Osinbajo: FG Targets 33.3m Cooking Gas Adoption in 10 Yrs

Osinbajo: FG Targets 33.3m Cooking Gas Adoption in 10 Yrs
  • Inaugurates Techno Oil’s gas cylinder plant

Peter Uzoho

Vice President Yemi Osinbajo has stated that the federal government was targeting the adoption of Liquefied Petroleum Gas (LPG) commonly known as cooking gas in 33.3 million households in Nigeria over a period 10 years, representing 73 per cent adoption rate, and 13.8 million homes, representing 40 per cent adoption rate in five years.

This, he explained was part of the goals of the Federal Executive Councils approval of the National Gas Policy in 2017, which aims at achieving five million metric tons of domestic, commercial and industrial cooking gas utilisation in 10 years.

Osinbajo stated this yesterday in Lagos at the inauguration of Techno Oil’s one million tonnes per annum ultramodern LPG cylinder manufacturing plant, along Lekki-Epe Expressway, Lagos.

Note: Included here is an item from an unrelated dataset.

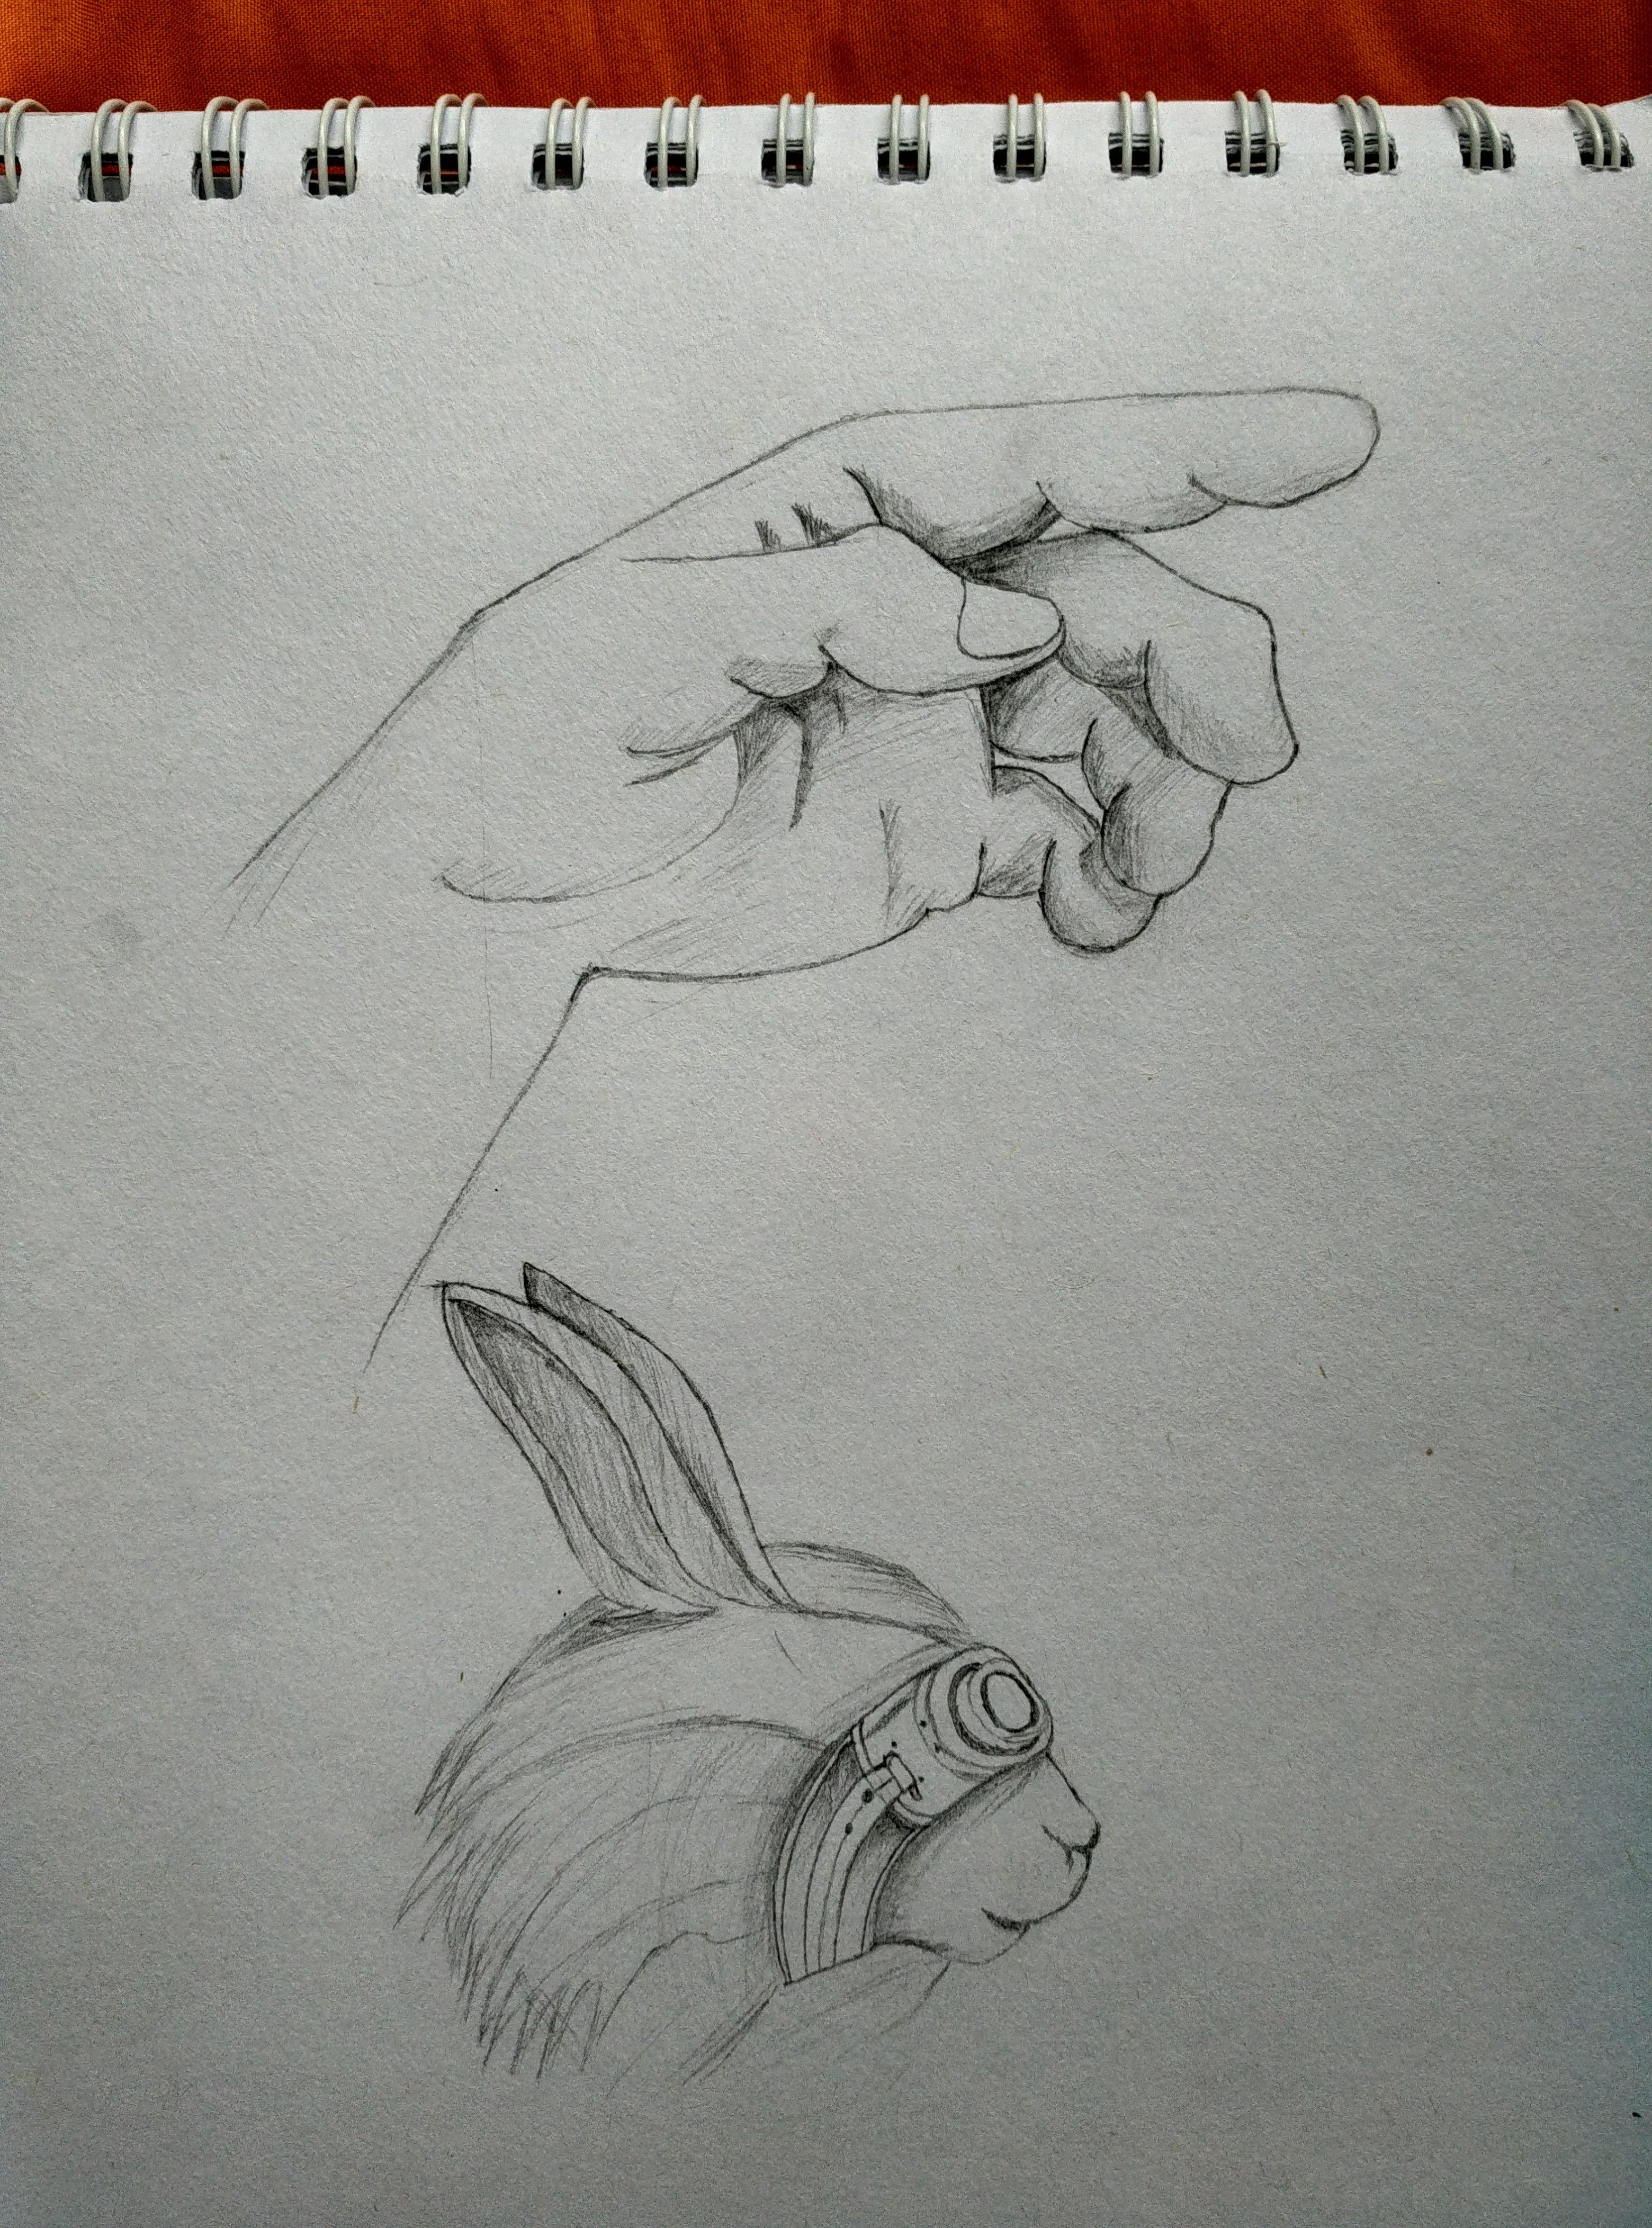 基础手绘|插画|插画习作|捕鱼de小伙伴 - 原创作品图片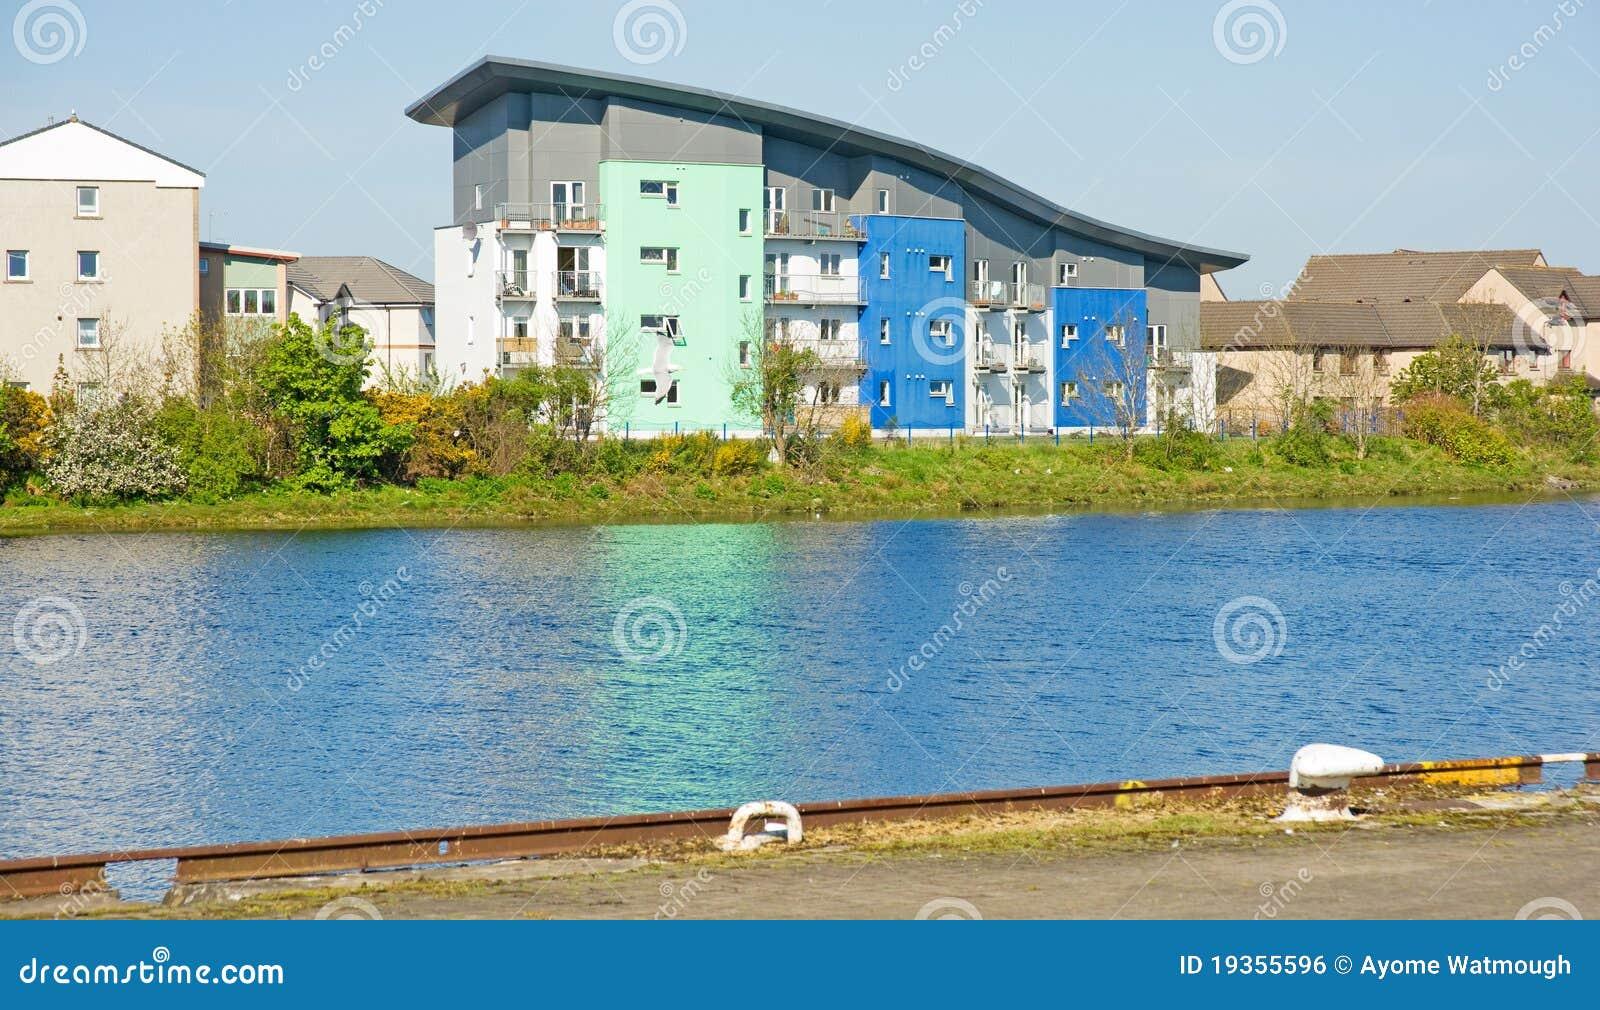 Bloco de apartamentos moderno pelo rio.

He said: “Our determination to prioritise the LPG sector development culminated in the Federal Executive Council’s approval of the National Gas policy in 2017, with dedicated input for the enhancement of the LPG sub-sector. Our driving vision has been to transform the sub-sector from a commodity sector based on export, to a value creation sector based on domestic utilisation and industrialisation.

“The goal is to achieve five million metric tonnes (5,000,000 MT) of domestic, commercial and industrial LPG utilisation in 10 years. Specifically, for household cooking, we are targeting a 40 percent adoption rate (i.e. 13.8m households) in 5 years, and 73 per cent adoption in 10 years (33.3m households). We believe that the sub-sector can create up to 2 million new direct and indirect jobs in Nigeria.

“We have also demonstrated our commitment by establishing an Inter-Ministerial Committee and a multi-stakeholder national coordinating body – the National LPG Expansion Programme.

“We correctly identified that it was necessary to emphasise coordination and collaboration, as previous attempts in enhancing LPG utilisation failed because of a fragmented approach within the Federal Government.”

According to the vice president, “Since the implementation of the coordination reforms – including the creation of a dedicated Project Management Office, great progress has been recorded, including the removal of five per cent VAT from the domestic pricing of LPG, as a first step in giving domestic output an advantage against imported products.”

He said that other progress recorded were the “Development of a Marketer Cylinder Owned Model instead of the current Consumer Cylinder Owned Model. This will eliminate the consumers’ up-front purchase of LPG cylinders which in some cases are substandard, replacing it with a cylinder exchange, whereby the consumer only pays for the content.

“No household will need to purchase or own an LPG cylinder. The Cylinders will be delivered and retrieved by the Marketers who will also be responsible for the maintenance and refurbishment of the cylinders, making LPG accessible to a whole new segment of non-LPG users”.

However, osinbajo noted that the “visionaries and management of Techno Oil deserve our hearty commendation for making this substantial investment in the development of the gas sector,  the Federal Government will continue to work with you to ensure that you succeed”.

Earlier, he described the inauguration of the manufacturing plant as a landmark moment for Nigeria’s mid-downstream gas sub-sector, and a reminder that we must regard our abundant domestic gas resource as an important component of  economic growth and national prosperity.

“Techno Oil’s investment   auspiciously converges with our administration’s efforts to speedily diversify our economy, especially through domestic and indigenous solutions,” Osinbajo added.

   Earlier in her welcome address, the Executive Vice Chairman and Chief Executive Officer of Techno Oil, Mrs. Nkechi Obi, said the LPG plant was built to bridge the infrastructural gap hindering the cooking gas adoption in Nigeria.

According to Obi, there was also a growing concern amongst stakeholders related to the saturation of the market with old, expired and sub-standard cylinders that have gained entry into our country through the activities of unscrupulous individuals and entities who show no regard for human lives and the Nigerian economy.

“Techno Oil is on a mission to correct this anomaly in collaboration with critical stakeholders as we are poised to deploy cylinders of international quality into the Nigerian market, produced in Nigeria for Nigerians.

“The growth population of cylinders in the country is less than two million. Our current production capacity is five million; instantly, Nigeria becomes a net exporter of cylinders in West Africa. We have just two million cylinders”.